Feb 09 2009
Fitting In
I am writing this on a new computer. I finally broke down, and bought something that didn’t use vacuum tubes. In truth, my other one finally gasped its final breath. I don’t want to say it was a tad slow, but I found it quicker to walk to the library and look up the information I needed in an encyclopedia, than to boot up the poor thing and enter cyber space.
My new computer has all its keys, too. My other one beginning to resemble the grin of Leon Spinks. I only mention this because, my son Ryan saw it and asked, “Is that new?”
When I said indeed it was, he said, “Snaps.” Then turned on his heels and started to walk away.
“Snaps?” “What the heck does that mean?”
He said, “You know… snaps.” Then he shook his head and walked away.
I have to admit, I was more than a little confused. Then I remembered a similar conversation I had with my father years ago. When I was Ryan’s age, my father said something to me, and my reply was, “Groovy.”
My father said, “Groovy?”
I said, “Yeah, groovy.”
My dad looked me in the eye, smirked and said, “There ain’t no groovy in this house boy, understand?”
I think what bothered me more than not being hip enough to understand today’s slang, was the fact that I know today’s culture is having an uncertain effect on my children. I not only hear it in their language, but I also see it their choice of music, clothing, and now, in Ryan’s case, his hair.
Like my parents, and their parents, what we see outside of our own upbringing disturbs us. I talk to a lot of parents after my shows and a common theme is that they are all happy that they don’t have to grow up in today’s teen culture. The pressure to conform is even greater than it was when they were teens. Or is it? Is it even possible to not remember being 15?

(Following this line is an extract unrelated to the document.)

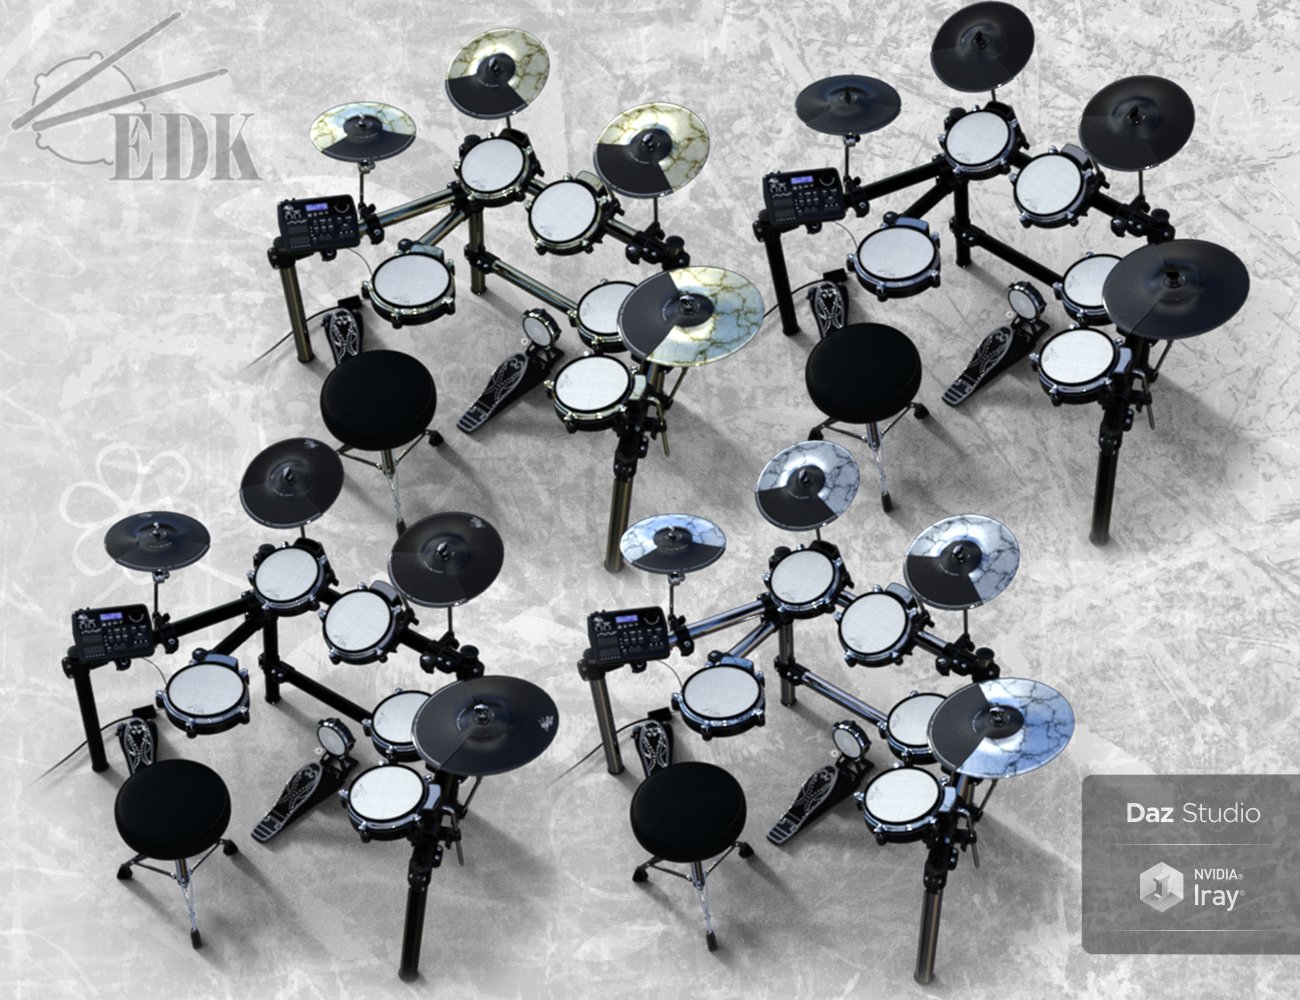 Electric Drum Kit by: Td3d, 3D Models by Daz 3D
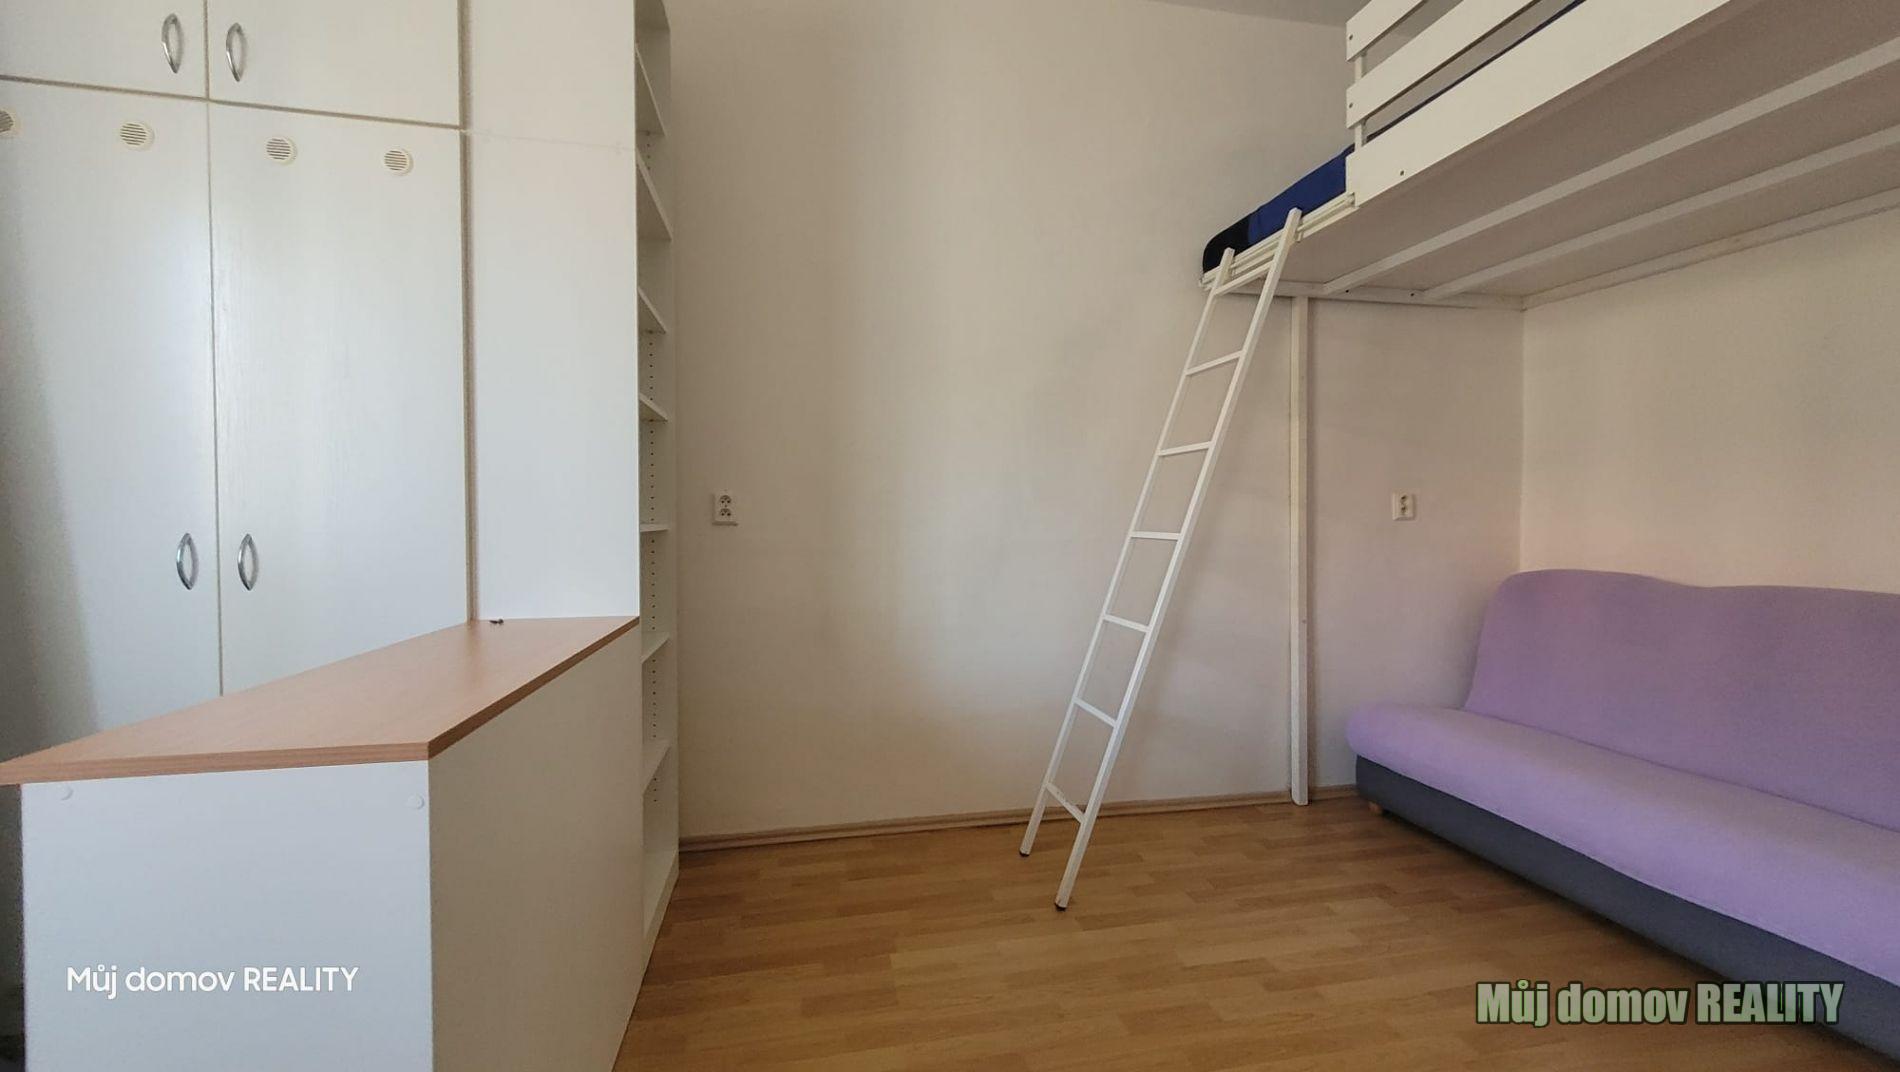 Pronajmu byt o rozloze 30 m2 za 16 000,- Kč, 17 500,- Kč pro dvě osoby, Bělohorská 193/149.

I was a walking hormone and a total teenage clod when I mustered up the courage to ask Ellen Collidge to the homecoming dance. Her reply? “Why would I go to the biggest dance of my life, with you?” Honestly, I had no answer.
“So that would be a no?” I asked sheepishly. Then I felt a zit sprout on the end of my chin. In an attempt to save face I replied rather feebly, “Groovy.” I pretended it didn’t bother me, but the fact that I remember it 34 years later says differently.
No, 15 is 15. I don’t care if it is the 21st century or the 1st century. Insecurity and self-doubt drive us to want to fit in. Remember how the kids that didn’t fit in were treated?
When you look behind the bad skin, the baggy pants, the hip lingo and the false bravado, what do you see? I see a bruised ego. And just beyond that, a little child who only wants to be well thought of, only wants to make a difference, only wants to love and be loved by their family, especially their parents. The rest is all window dressing.
So I try to look past the wild hair, the pierced body parts and the skull and crossbones tattoos and into their hearts. And then I see this kindness, and that trumps all that other stuff and puts tears of love and empathy into my eyes.
And that moves me, and moves in my heart and makes me want to reach out to my son and say, “Snapes”, just to hear him laugh at me and say, “Not ‘snapes.’ ‘Snaps.’ You’re such a loser, Dad.” And here I thought I was the “cat’s meow.”
Some things never change.
I know I’m not alone here. What about you and your kids? What kinds of strange things do they do to fit in?
Do you sometimes struggle to see the little angel buried in all that teenage malaise (or mayonnaise)?
I’d really love to know. If you’d like to tell me, please click on the Comments link above.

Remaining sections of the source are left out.